The Patriot Party was a member of the original Rainbow Coalition, formed by Fred Hampton of the Black Panther Party and others to create a broad-based, multi-racial political coalition. It formed after the United Front Against Fascism conference held in Oakland, California, in 1969. The coalition included the Young Lords, the Brown Berets and I Wor Kuen. Hampton's intention was to have multi-ethnic gangs working together to accomplish peaceful solutions, rather than battling each other.

==Strategies==
The Patriot Party borrowed strategies of community organizing from the Black Panthers. For instance, they established a Free Breakfast for Children program. They established "liberation schools" to teach their ideology to children. The Eugene, Oregon, chapter, location of the University of Oregon, garnered much community support with its "Free Lumber" program. At this time in the Northwest, some poor people still relied on wood-stoves for cooking and heating, and cheap wood was hard to come by. Most members of the Eugene chapter were of Okie heritage (descended from poor whites who had migrated from Oklahoma, Texas, Kansas, and Missouri in the Great Depression era).

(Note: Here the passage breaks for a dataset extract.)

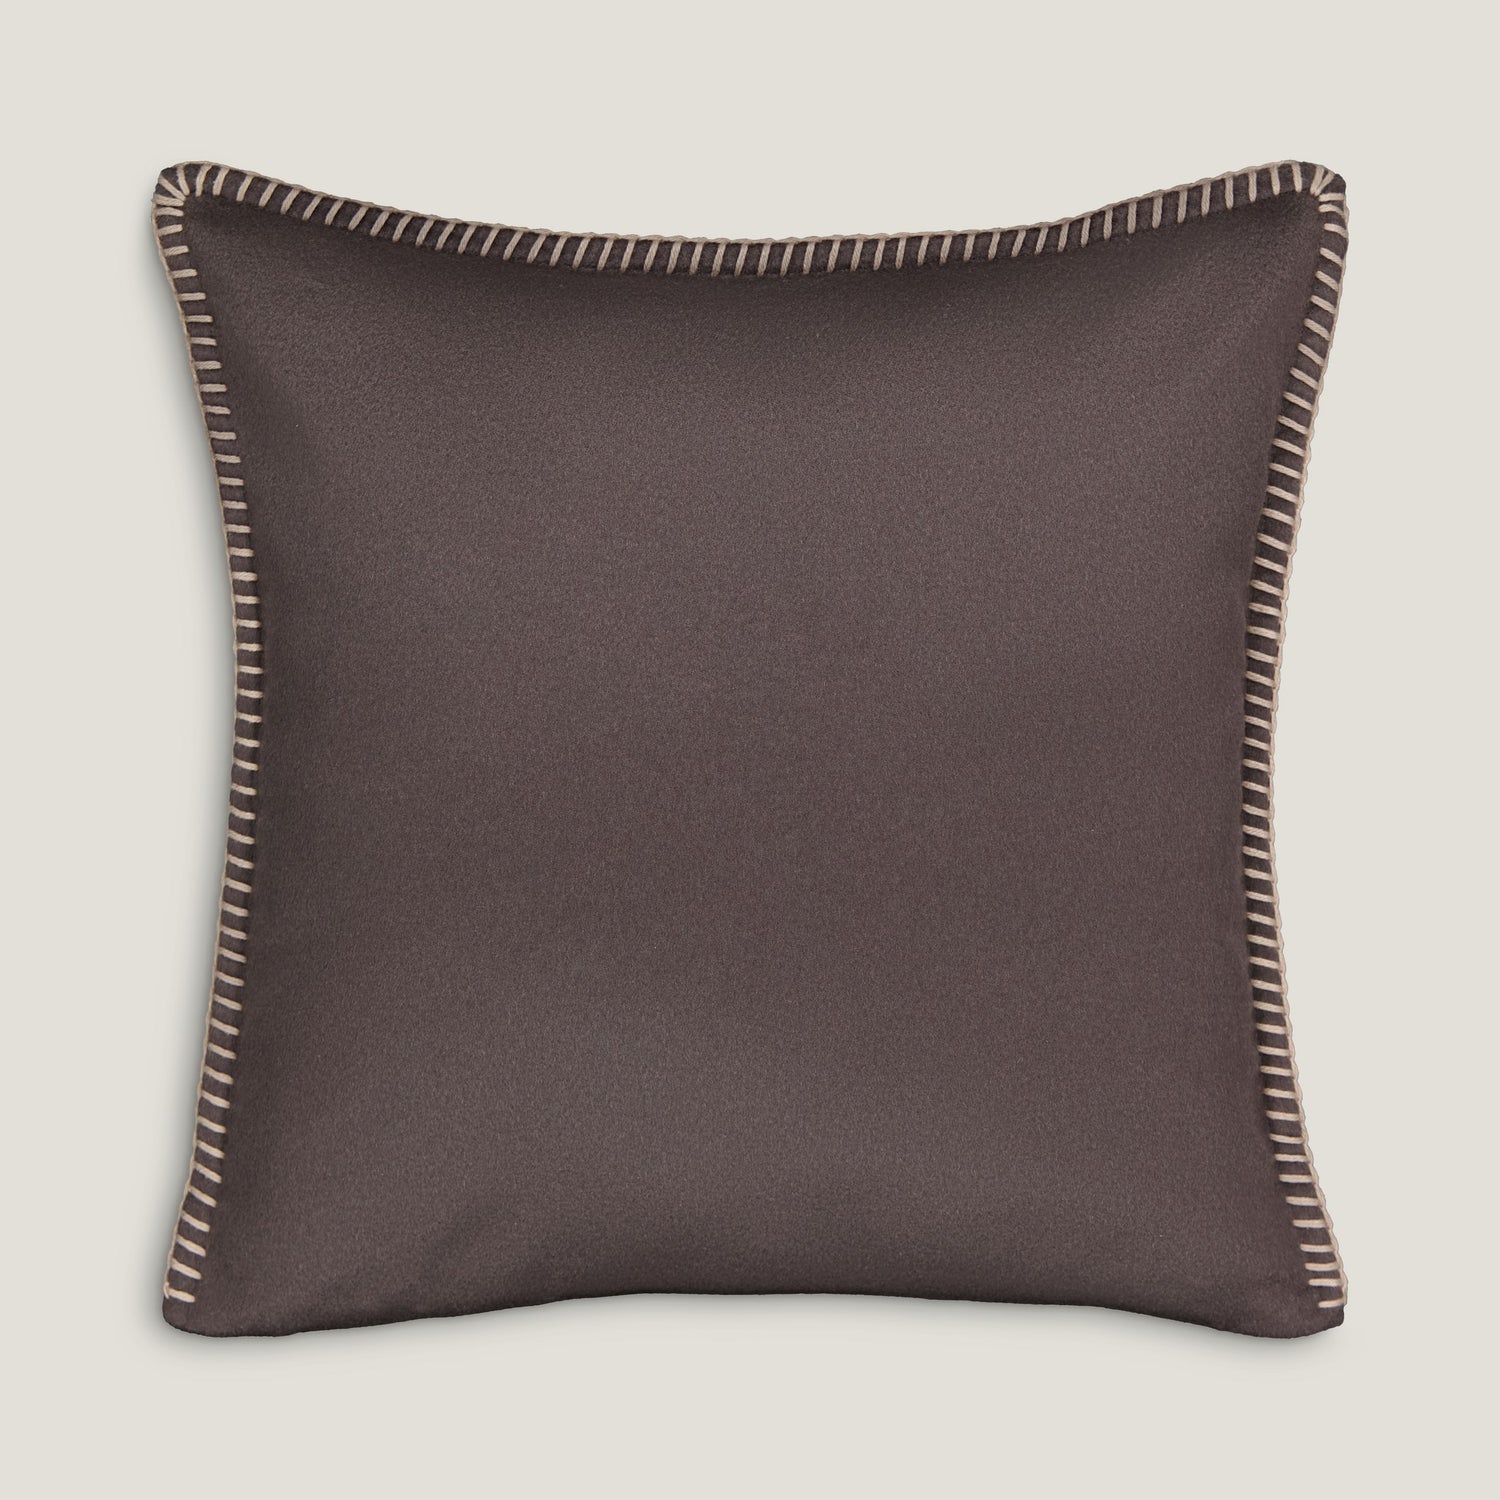 Pure Cashmere Pillow Cover Brown Marron ブラウン 棕色

The Patriot Party believed that whites would abandon racist beliefs after identifying the capitalist system as their true enemy.

===Use of the Confederate flag===
Despite the Confederate flag's association with white supremacism, the Patriot Party used it as a symbol. In addition to easy access at military surplus stores, the flag was used, according to Amy Sonnie and James Tracy, "as a symbol of southern poor people's revolt against the owning class". Buttons with the slogan "Resurrect John Brown" – a reference to the avowed abolitionist – were also commonly used. Pamphlets contained slogans such as "The South will rise again, only this time with the North and all the oppressed people of the world."

==Downfall and legacy==
In 1970, the Federal Bureau of Investigation (FBI) arrested the entire central committee of the Patriot Party and charged them with various felonies. They later dropped the charges, but, by the mid-1970s, the FBI's COINTELPRO program had effectively suppressed the organization.

The group was also strongly opposed by far-right white militias.

In 1982, the civil rights activist Jesse Jackson adopted the name of "Rainbow Coalition" for organizing multi-ethnic groups to support and vote for liberal (generally Democratic) candidates for public office, in order to strengthen minority voices by acting in collaboration.